Garota de 17 anos usando revólver faz ladrão fugir: “Eu tinha a vantagem e ficaria segura”

Tentativa de roubo aconteceu em Wandermere Area, Washington D.C.

Julio Gonzaga
Jul 21, 2017 · 2 min read

O Breitbart apurou que Kimber Wood estava sozinha em casa quando seu namorado telefonou dizendo-lhe que havia um suspeito chegando perto da residência. Kimber entrou em contato com seu pai e perguntou-lhe se poderia usar uma arma; seu pai consentiu e a garota escondeu o revólver debaixo do travesseiro.

O suspeito chegou a entrar na casa, mas Kimber, defendendo-se, apontou-lhe a arma no rosto e pediu-lhe que saísse. A garota correu para fora e atirou no chão, assustando o ladrão, que logo após fugiu.

Em entrevista dada ao Breitbart, em 19 de julho, Kimber Wood foi perguntada se portar arma naquele momento deu-lhe mais segurança. Ela respondeu que “sabia como usar a arma, e isso me deu a paz de pensar que eu tinha a vantagem e eu ficaria segura”.

Kimber também resumiu como as lições de sua família a ajudaram a cultivar a cultura da autodefesa:

“A partir dos seis ou sete anos de idade, eu sempre ficava no quintal com meu avô, meu pai, meu irmão — a nossa família — praticando tiro ao alvo. Eu sentava lá, assistia e aprendia como eles se preparavam e como eles usavam as armas. Quando cheguei à idade em que meu pai achava que eu poderia usar uma eu mesmo, eu tentei e eu sabia que era algo que eu precisava continuar aprendendo. Eu sabia que armas poderiam ser coisas perigosas, mas se eu soubesse como usar uma, eu estaria bem. Então, nos fins de semana, saíamos e atirávamos, voltávamos e almoçávamos, então voltávamos de novo e atirávamos mais.”

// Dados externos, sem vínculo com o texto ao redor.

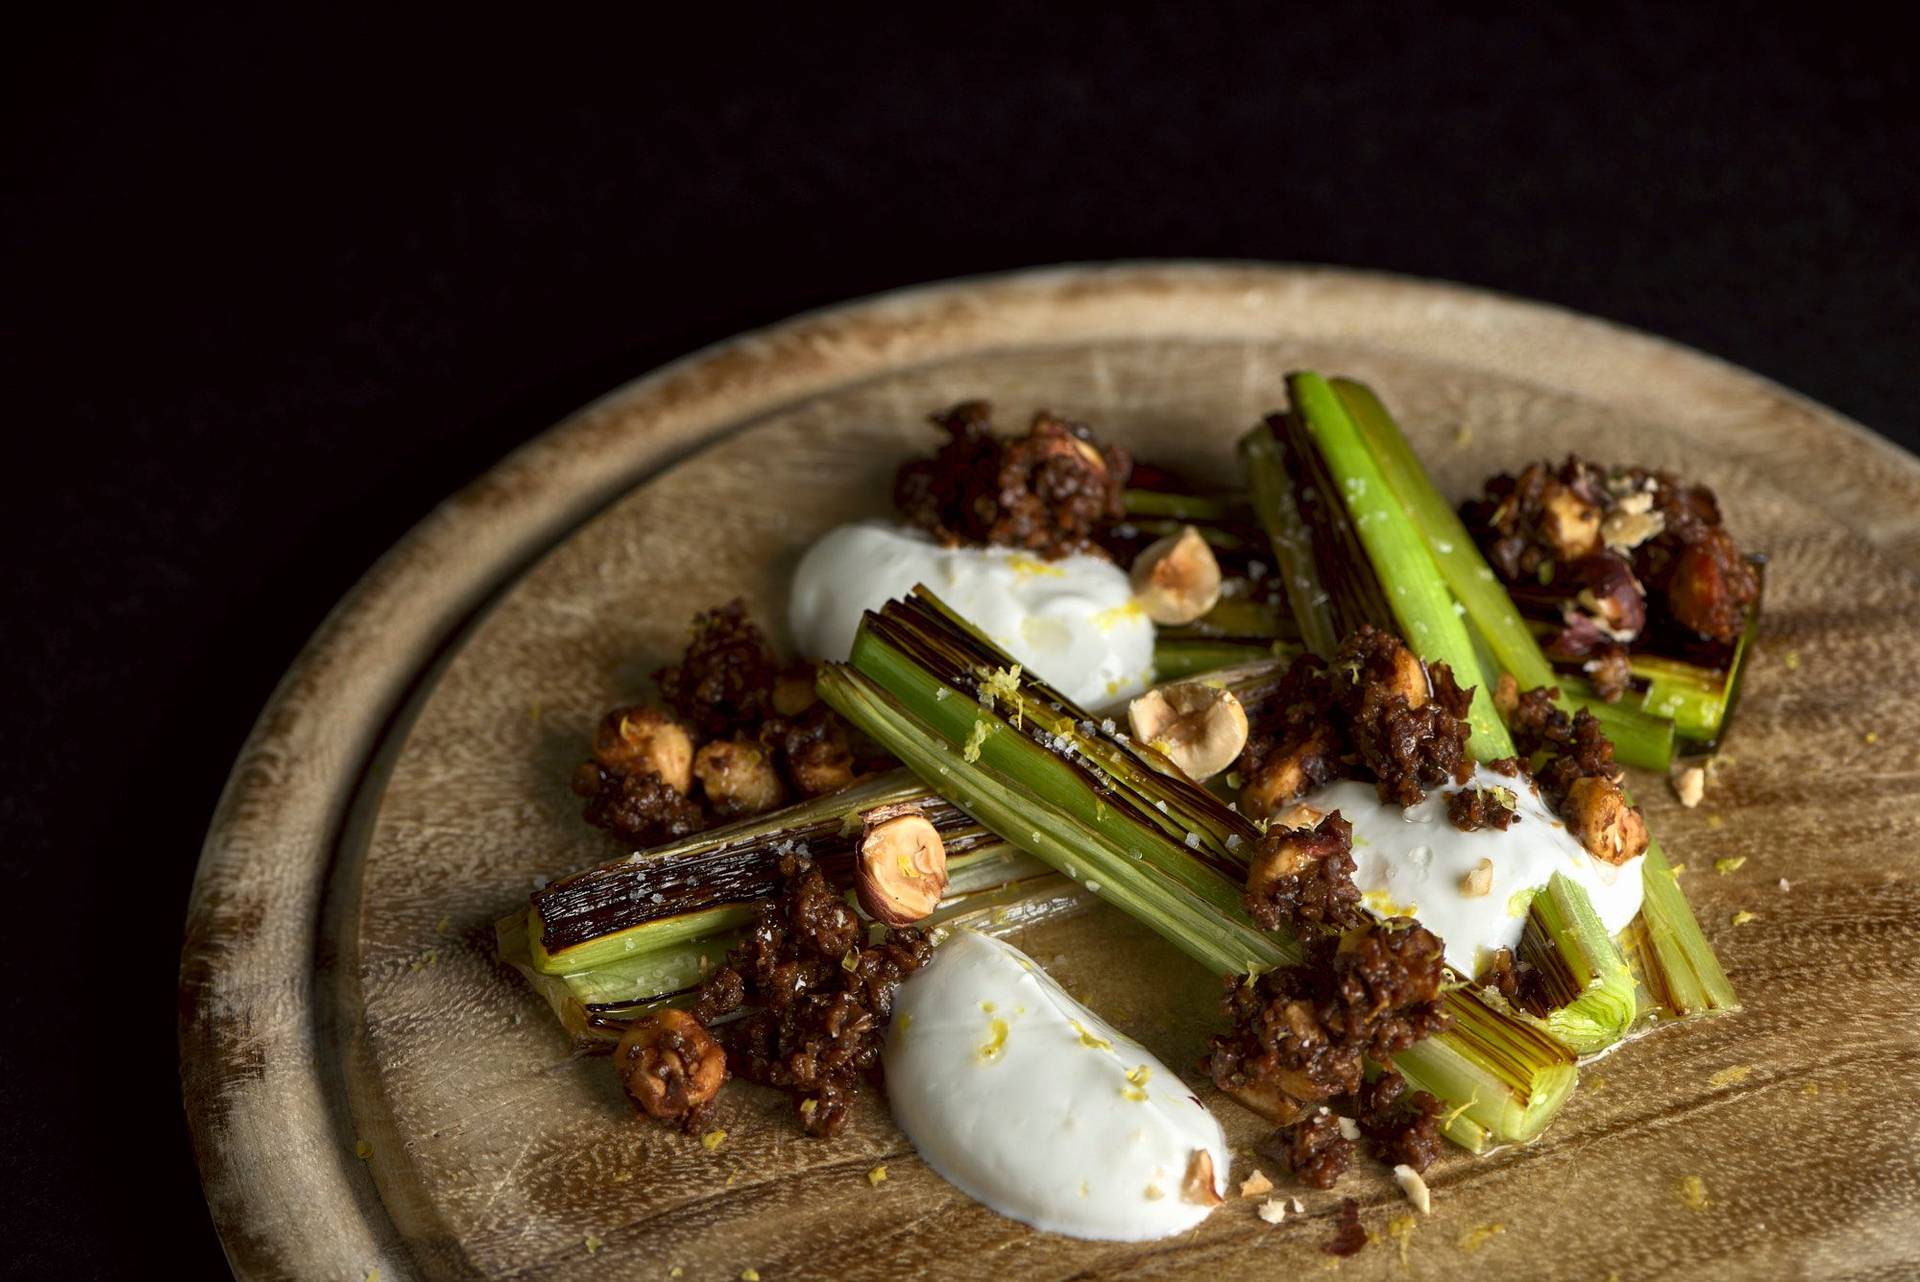 beer braised leek with pumpernickel and skyr on a wooden board with black background

O pai de Kimber, Lenny, sintetizou a formação que deu à filha, dizendo que “ela foi criada em torno de armas e, desde o momento em que ela pôde entender, eu mergulhei-a no controle do gatilho, na segurança das armas, no carregamento dos revólveres, assim como todos os pais de todo o país deveriam fazer pelo seus filhos”.

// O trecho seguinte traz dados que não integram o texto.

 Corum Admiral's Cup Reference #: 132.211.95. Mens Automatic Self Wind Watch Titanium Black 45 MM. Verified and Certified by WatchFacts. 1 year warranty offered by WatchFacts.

O repórter AWR Hawkins, especialista do Breitbart em armas e segurança pública, ainda perguntou a Lenny o que ele pensava sobre movimentos que visam restringir e proibir armas de fogo nas mãos de civis ao redor dos Estados Unidos, sob o argumento de que casas que têm armas são mais perigosas do que as que não as têm. Lenny replicou:

“No final do dia, eu abraço minha filha — que está viva e saudável e bem — por causa da arma de fogo e do treinamento que ela teve. Outro resultado é impensável.”